Given a certain number of days alloted for your road trip, you want to break up the legs of your journey so that they are as balanced as possible. Essentially, you'd like to drive as little as possible each day, while still finishing your trip in the required number of days. Mathematically, you are going to find which way of splitting up the days will minimize the sum of the squares of the distances travelled each day.

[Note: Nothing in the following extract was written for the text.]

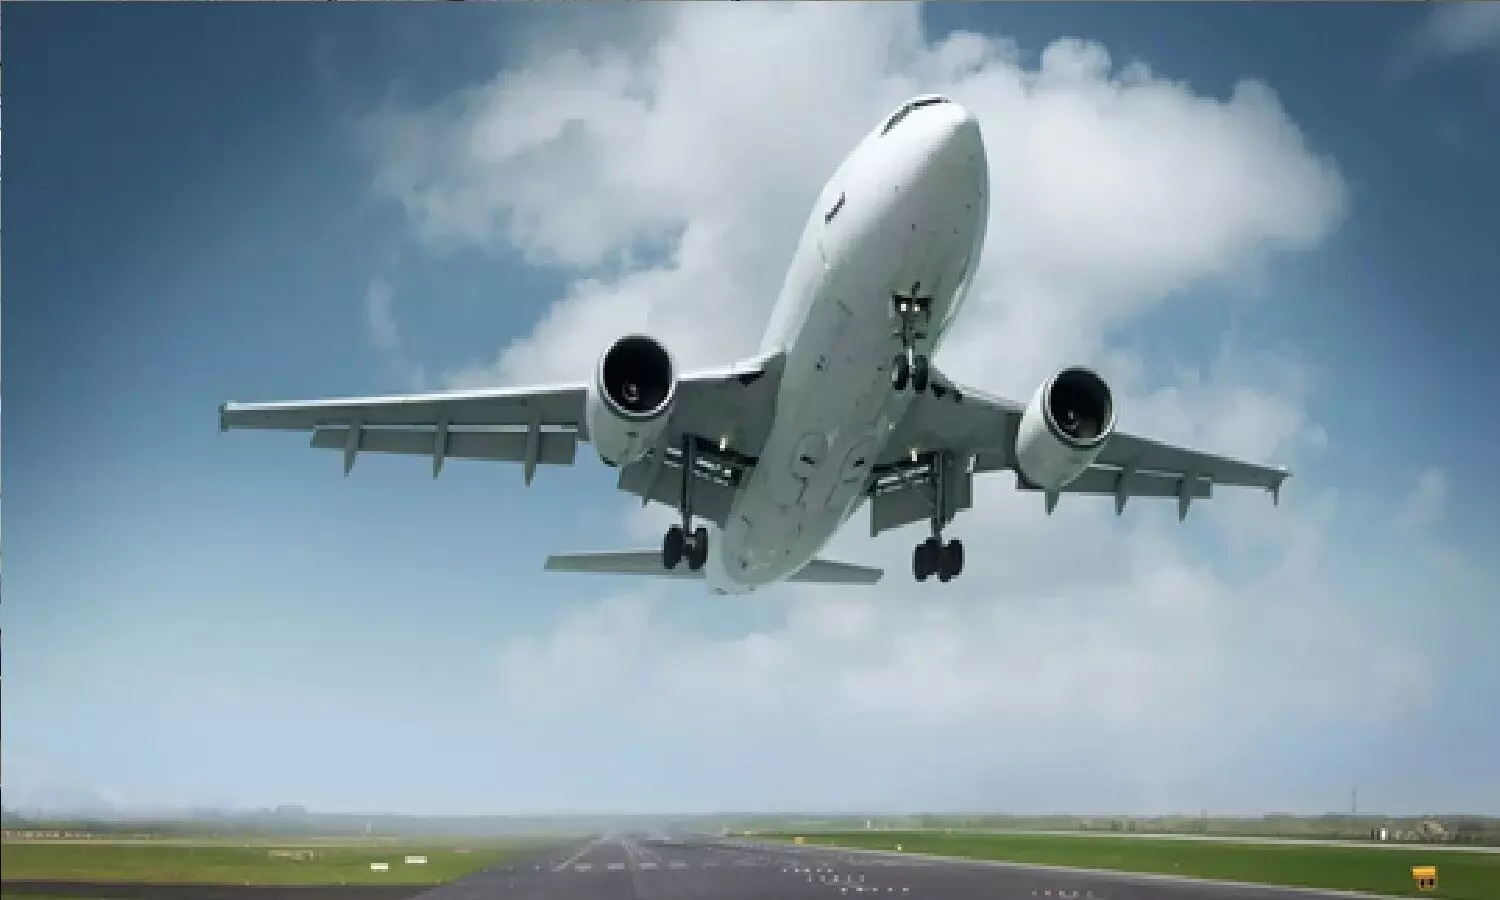 दुनिया की सबसे छोटी हवाई यात्रा: एक मिनट से भी कम वक़्त में यात्री मंजिल तक पहुंच जाते हैं

For example, if your journey has 4 legs of 2, 5, 3, and 3 miles (in that order), and you have only 2 days for the trip, you have the following options:

```
Option A: 0 miles day 1, (2+5+3+3) miles day 2
Sum of squares: 0^2 + 13^2 = 169
Option B: 2 miles day 1, (5+3+3) miles day 2
Sum of squares: 2^2 + 11^2 = 125
Option C: (2+5) miles day 1, (3+3) miles day 2
Sum of squares: 7^2 + 6^2 = 85
Option D: (2+5+3) miles day 1, 3 miles day 2
Sum of squares: 10^2 + 3^2 = 109
Option E: (2+5+3+3) miles day 1, 0 miles day 2
Sum of squares: 13^2 + 0^2 = 169
```

So in this example, the best choice would be to take the first two legs of the journey on day 1, and the last two legs on day 2.

**Specifics**

Your road trip itinerary has *n* legs, each represented by a numeric distance in miles. You have *d* days to complete the road trip.

So the input to your algorithm is a list of numbers of length *n*: \([x_1, x_2, \ldots, x_n]\)

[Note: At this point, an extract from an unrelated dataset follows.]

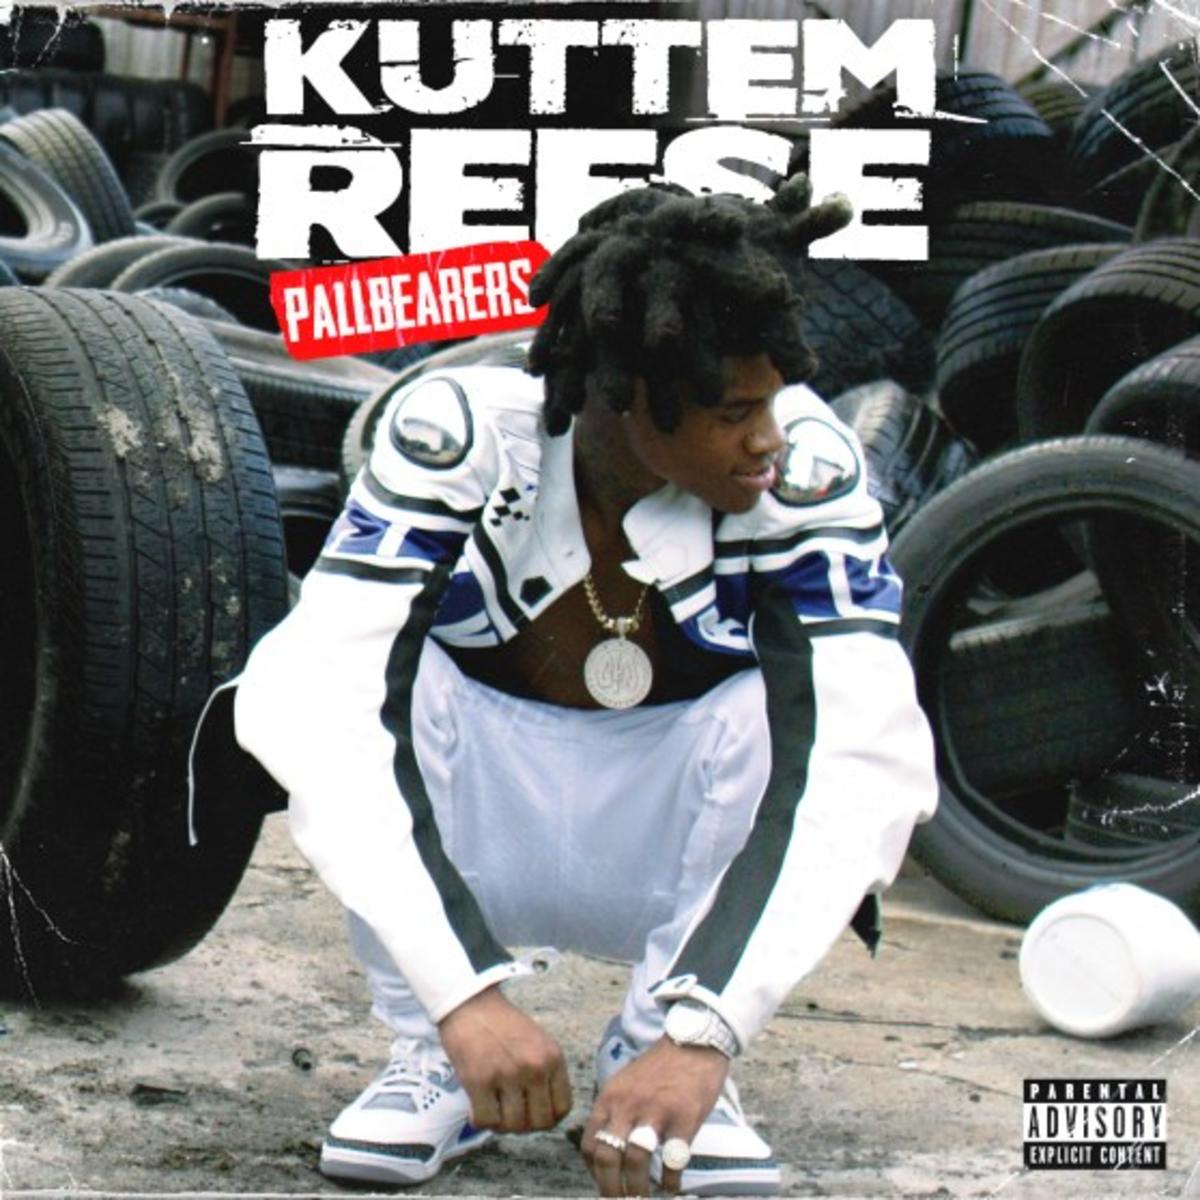 DOWNLOAD MP3: Kuttem Reese - Pallbearers

and the output is a \(d\) stopping points (each is an integer from 0 up to \(n\)): \([s_1, s_2, \ldots, s_d]\)

such that the sum of squares

\[\bigl(x_1 + \cdots + x_{s_1}\bigr)^2\quad +\quad \bigl(x_{s_1+1} + \cdots + s_{s_2}\bigr)^2\quad +\quad \cdots\quad +\quad \bigl( x_{s_{d-1}+1} + \cdots + x_{n} \bigr)^2 \]

is as small as possible.

**Tasks**

Devise an algorithm to determine the optimal road trip. Describe your algorithm in words, or using pseudocode, or both. It is

*your job*to describe your algorithm as simply and as clearly as possible.Analyze your algorithm and determine a big-Theta bound for the worst-case cost in terms of

*n*and*d*.

**Hints and Comments**

- The most important thing is that your algorithm is CORRECT and clearly explained. Correctness in this case means that your algorithm
*always*finds the optimal solution. This means that, if you think of a way of speeding up the algorithm, but you're not sure if it will still give the absolutely best solution every time,*don't do it*! - Of course, more points will be awarded to faster algorithms. You should try to make your algorithm as fast as possible in every case, particularly the worst case.
- Planning this trip is sort of like putting parentheses around the distances, grouping together each day. Try to solve this problem in a similar way to what we did for the matrix chain multiplication problem in class.
- Lao-tzu said, "The journey of a thousand miles begins with a single step". Similarly, the road trip of
*n*legs begins with a single day. You might want to structure your algorithm recursively by (at the top level) figuring out the optimal number of legs to take on day 1. - I am not sure what the asymptotically optimal algorithm for this problem is. However, I assure you that it can be done in polynomial-time (
*not*exponential) in terms of*n*and*d*. Do your best!

Consider the following variant on the selection problem: Given a list *A* of *n* elements, and an integer *k*, find the *k*th largest DISTINCT element in *A*, counting from 0. This is like the original selection problem, but ignoring duplicated elements.

Show that, at least in the comparison model, there can't possibly be a \(O(n)\)-time algorithm for this modified selection problem that ignores duplicate elements.